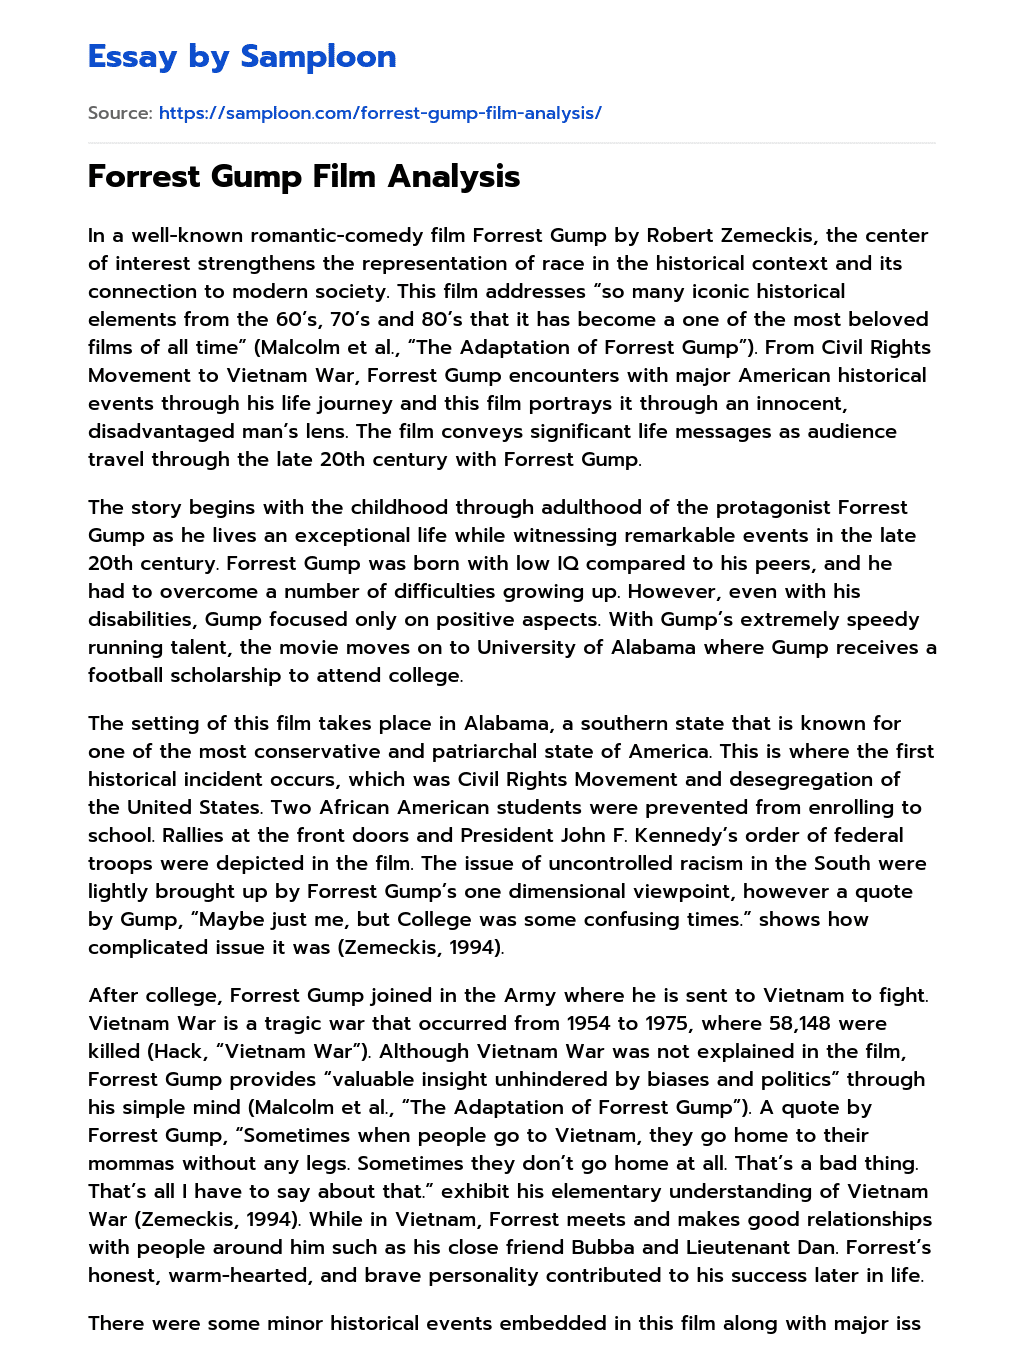 Forrest Gump Film Analysis essay
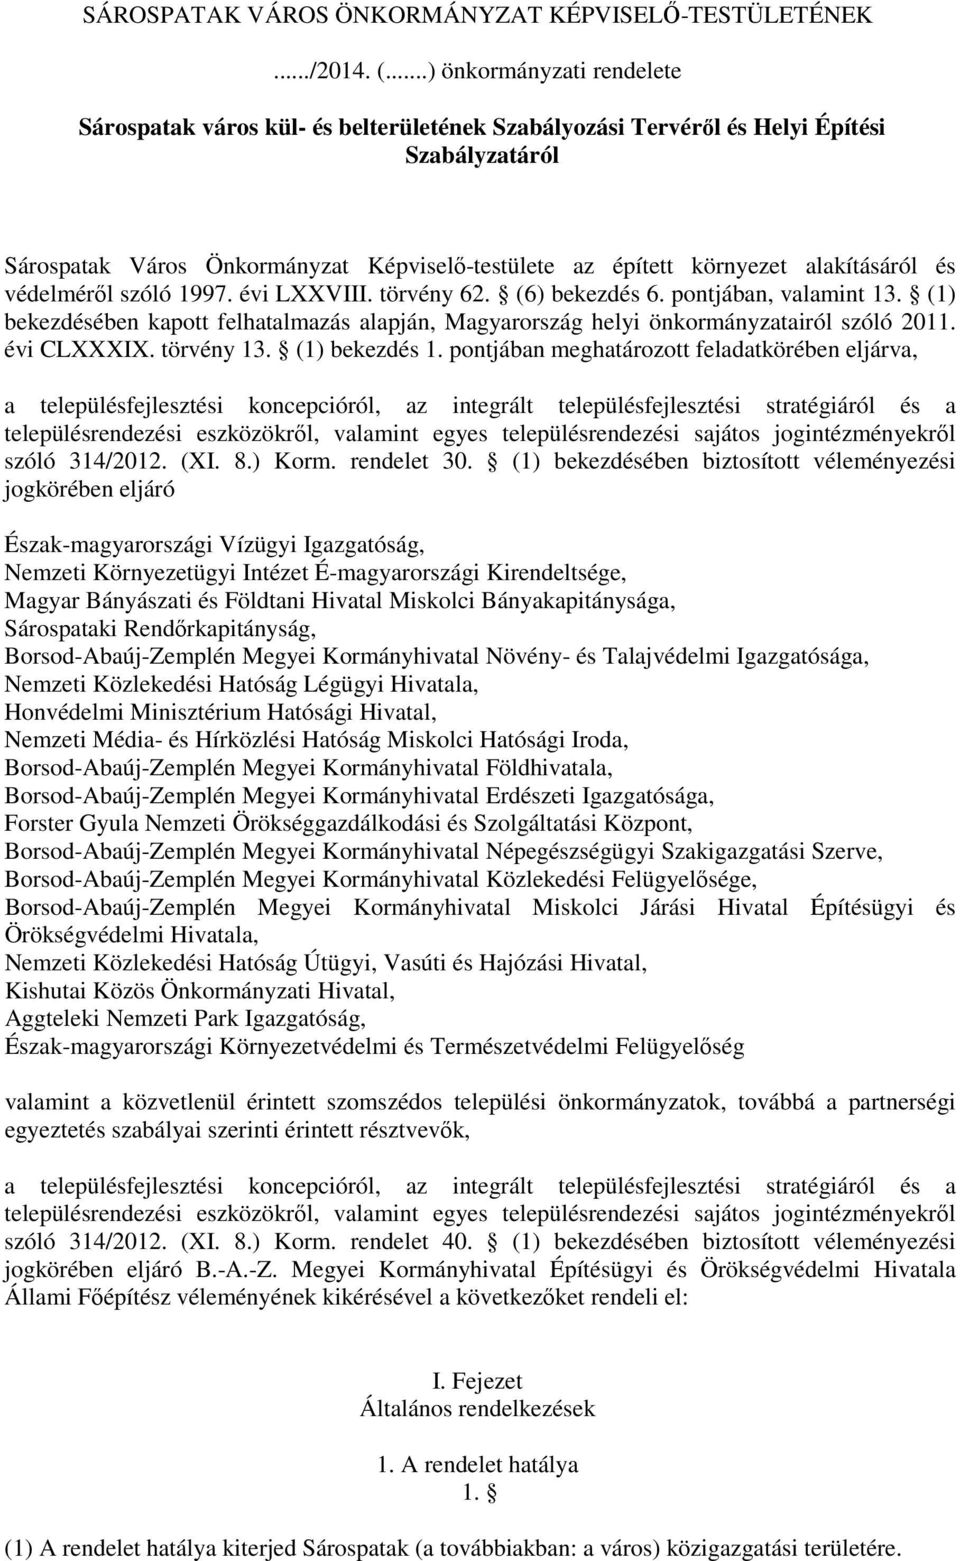 alakításáról és védelméről szóló 1997. évi LXXVIII. törvény 62. (6) bekezdés 6. pontjában, valamint 13. (1) bekezdésében kapott felhatalmazás alapján, Magyarország helyi önkormányzatairól szóló 2011.
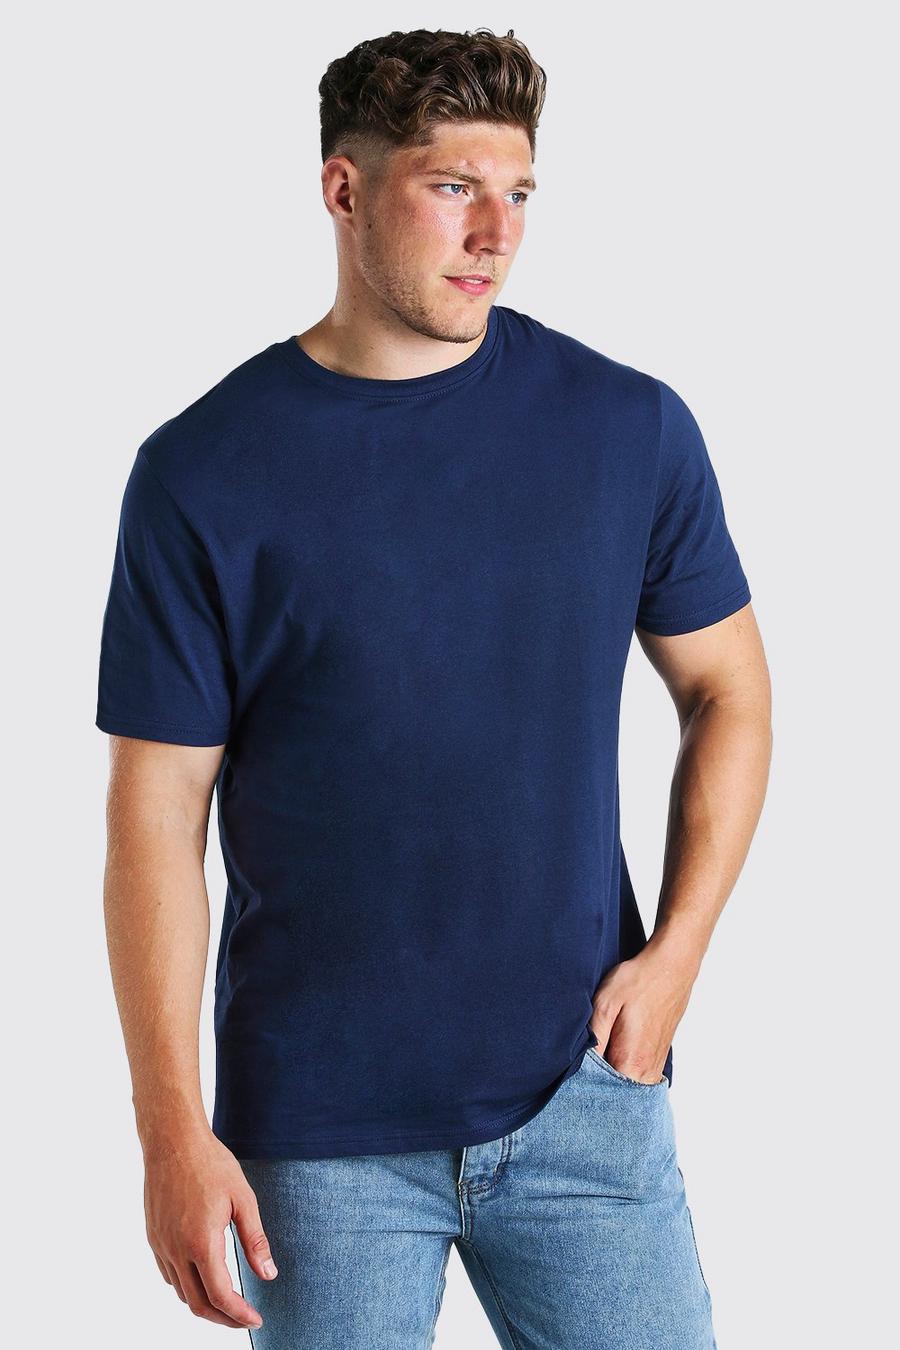 Navy marine Plus Size Longline Basic T-Shirt
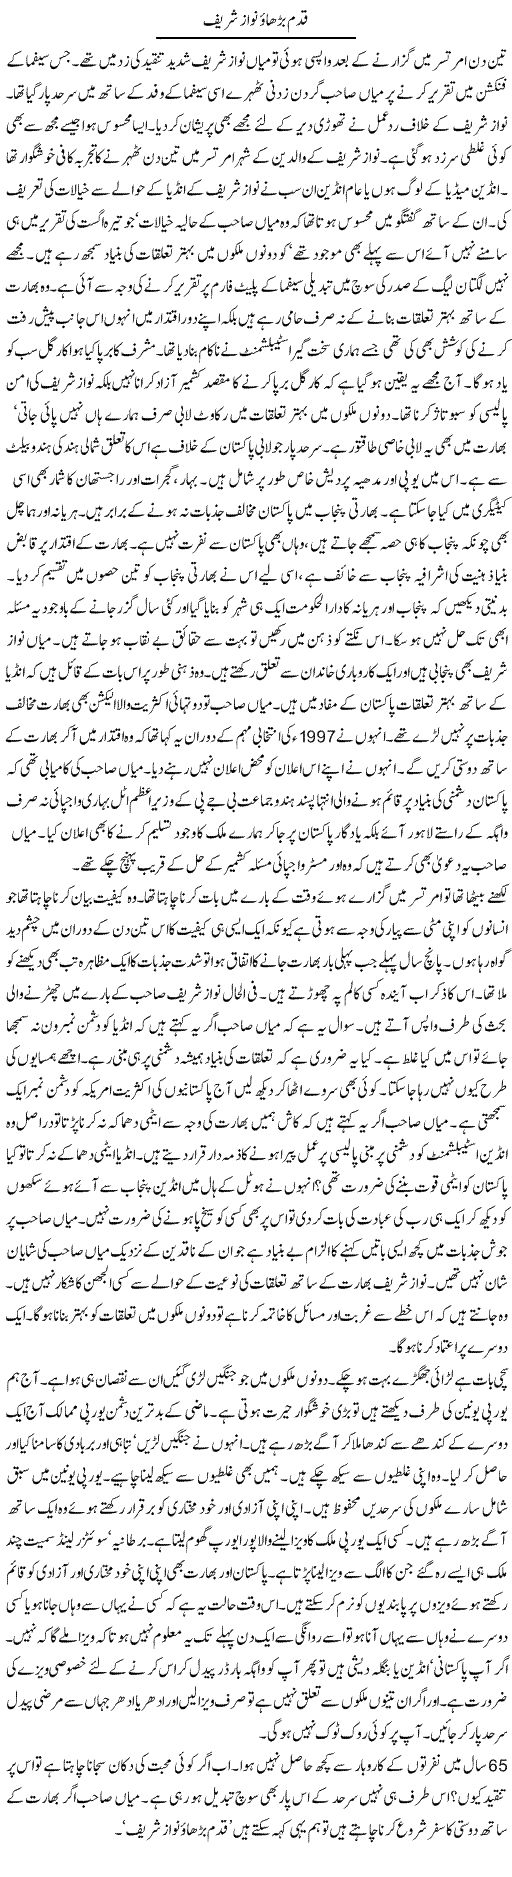 Nawaz Sharif Express Column Iyaz Khan 18 August 2011
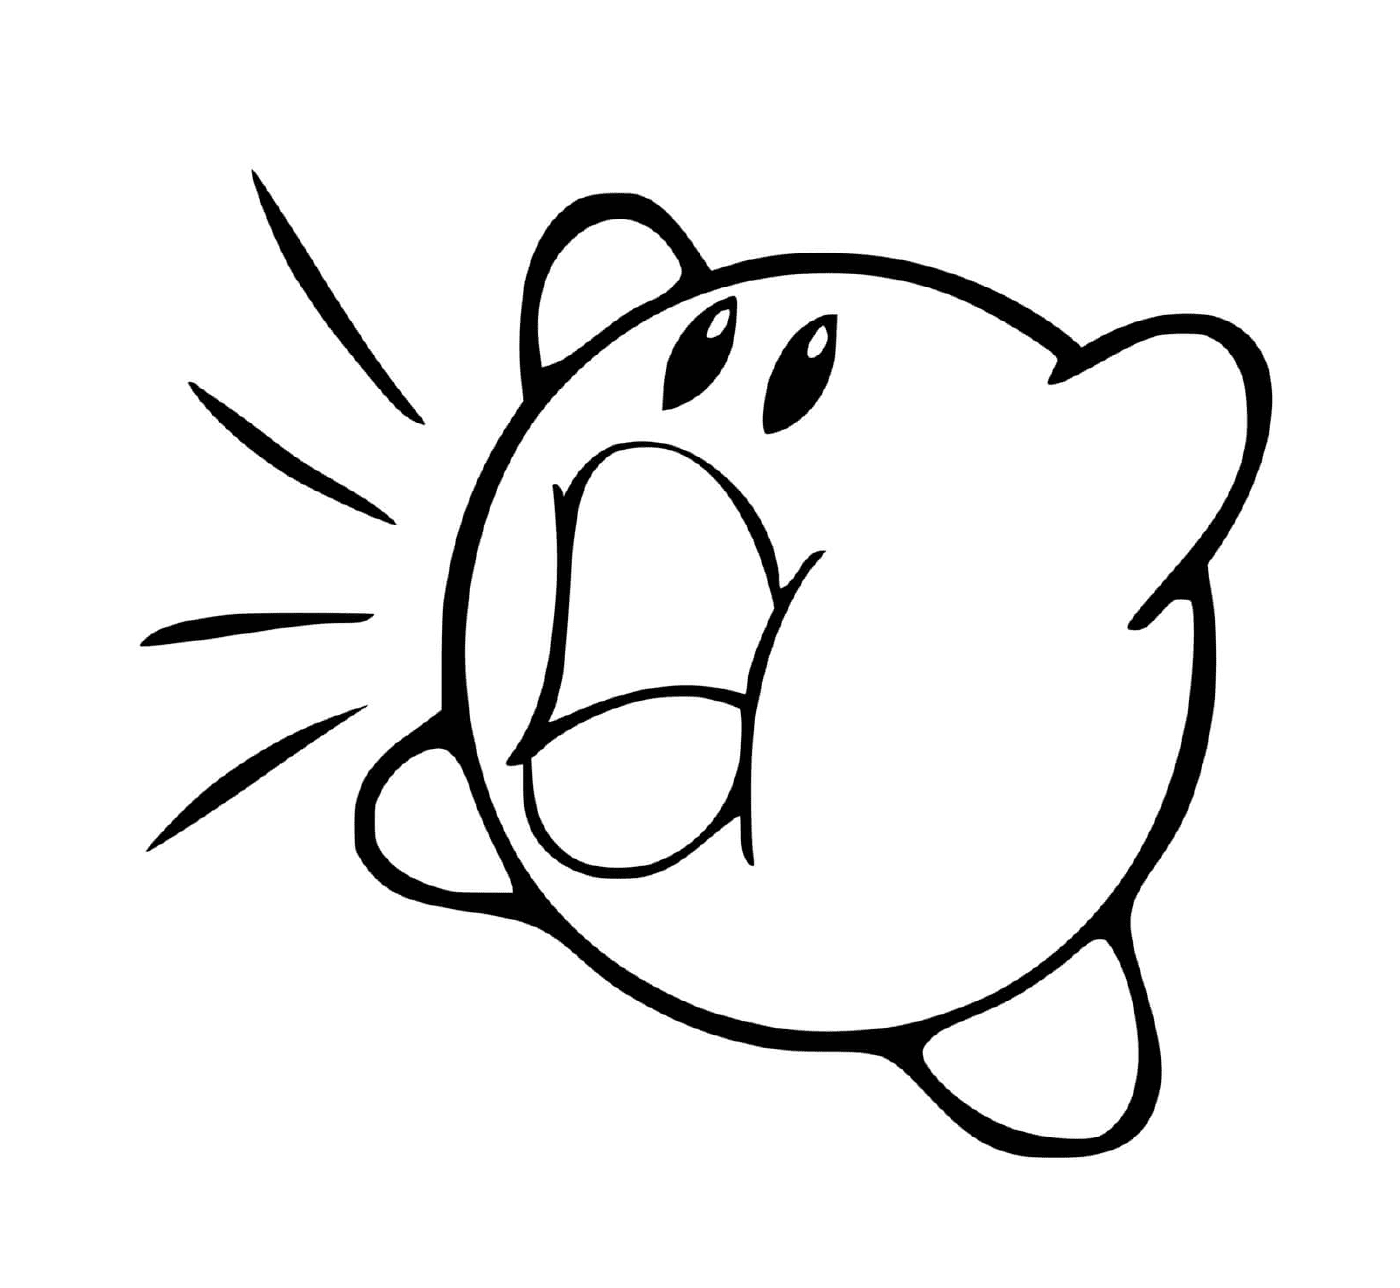  Kirby engole tudo em seu caminho

■ **Your goal**
In the records above, locate the line with "Nawaz Sharif Express"; output it and each line after it through the last one, exactly, omitting pictures.

■ **Result for this task**
 Nawaz Sharif Express Column Iyaz Khan 18 August 2011
  Kirby engole tudo em seu caminho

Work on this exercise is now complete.